1R12 Maintenance Implementation
a. Inspection Scope
The inspectors evaluated Maintenance Rule (MR) implementation for the issues listed below. Specific attributes reviewed included MR scoping, characterization of failed structures, systems, and components (SSCs), MR risk categorization of SSCs, SSC performance criteria or goals, and appropriateness of corrective actions. The inspectors verified that the issues were addressed as required by 10 CFR 50.65, Requirements for Monitoring the Effectiveness of Maintenance at Nuclear Power Plants, NUMARC 93-01, Industry Guideline for Monitoring the Effectiveness of Maintenance at Nuclear Power Plants, Rev. 2, and AmerGen procedure ER-AA-310, Implementation of The Maintenance Rule, Rev. 2.
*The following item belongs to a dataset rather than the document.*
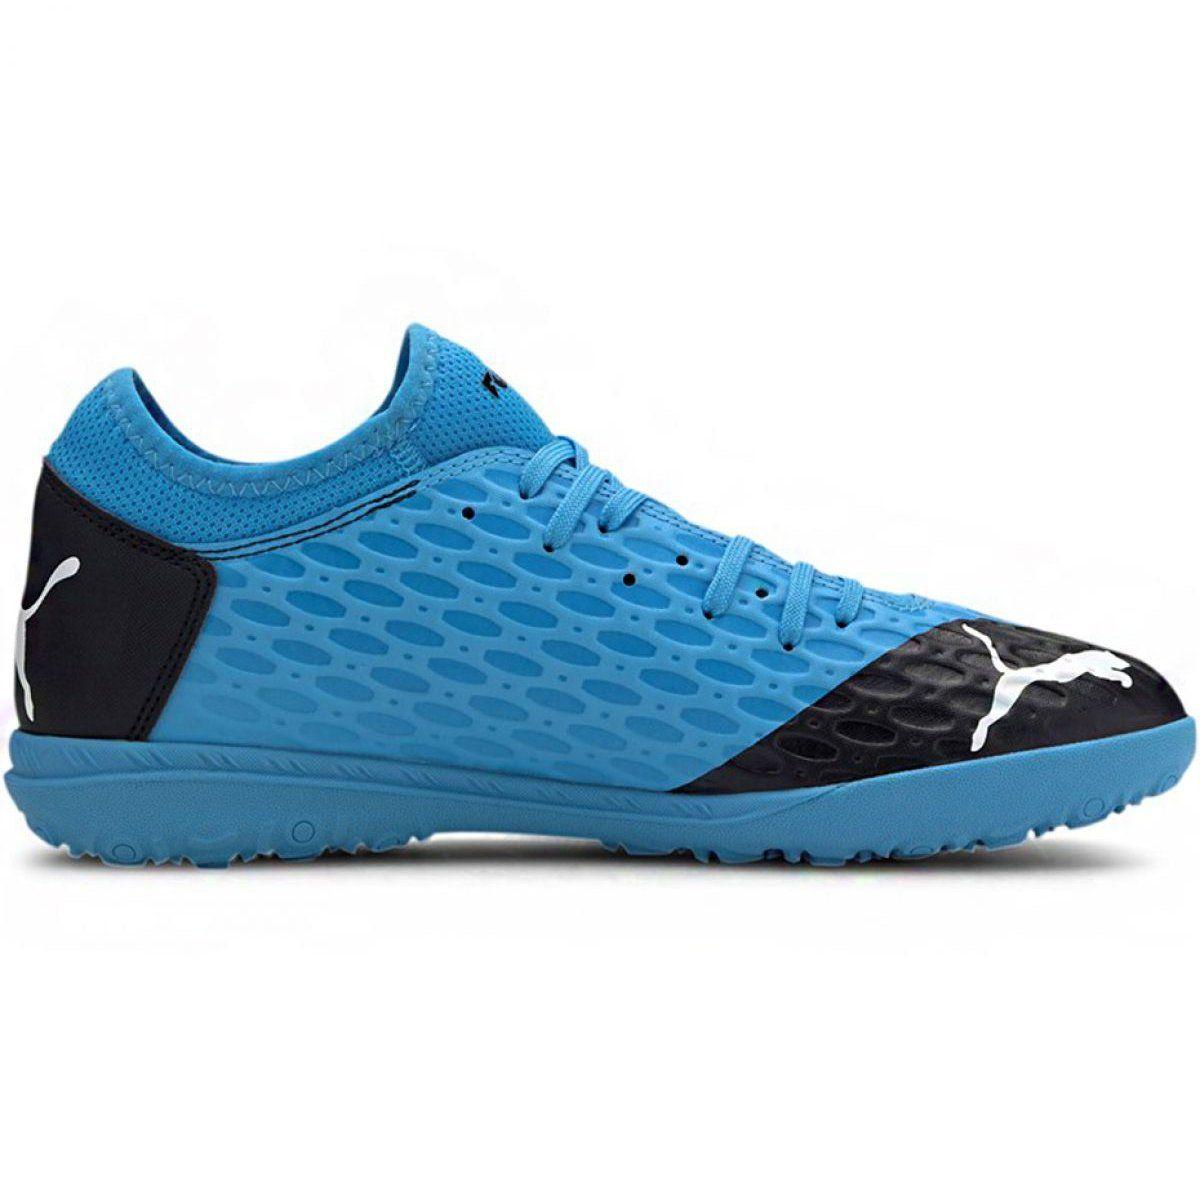 Buty Pilkarskie Puma Future 5 4 Tt M 105803 01 Niebieskie Niebieskie Football Boots Football Shoes Puma Football Boots

- CR 186781, which evaluated the failure of pressurizer makeup valve MU-V-17 to open during plant cooldown. The inspectors reviewed applicable TS (Sections 3.5.5 and 3.1.12), and interviewed the system engineer. In addition, the inspectors verified that engineers properly categorized this failure as a maintenance rule functional failure.
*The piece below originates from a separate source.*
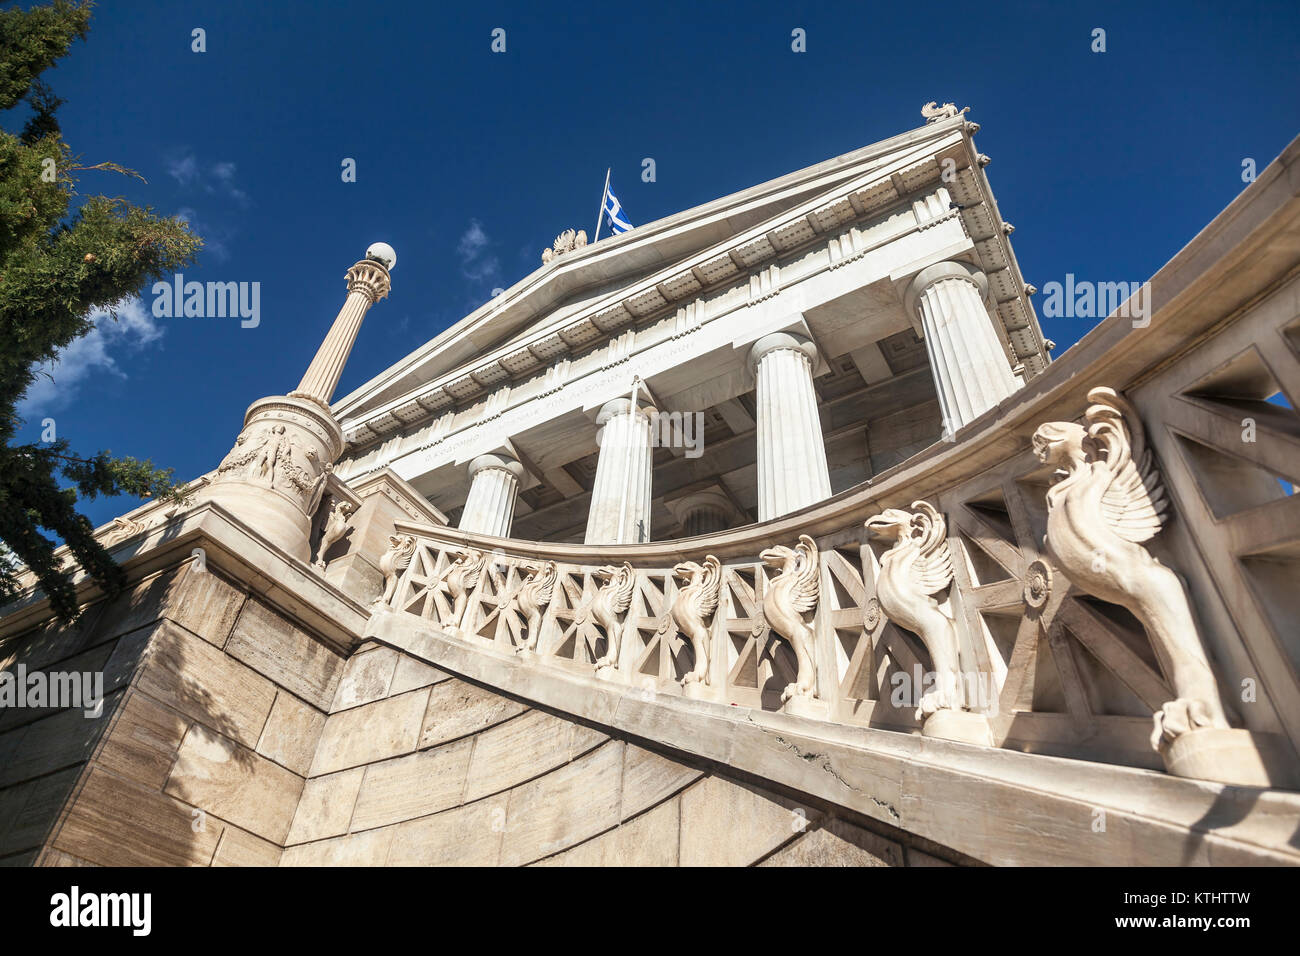 La Biblioteca Nazionale di Atene, Grecia. Immagini Stock

- The nuclear services closed cooling water (NS) system was classified as maintenance rule category (a)(1) in May 2001 due to excessive unavailability.
The principal causes were
- (1) ineffective scheduling and resource management which permitted extended component unavailability,
- (2) human performance errors during maintenance, and
- (3) mechanical seal and motor degradation.
These issues were documented and evaluated in corrective action program documents (CAP) T2001-0431, 2001-347, and T2001-0552. The inspectors performed a partial system walkdown, reviewed the system health report and long term plan, and reviewed pump performance data to determine whether corrective actions were appropriate to improve the effectiveness of maintenance on the NS system.
b. Findings
No findings of significance were identified.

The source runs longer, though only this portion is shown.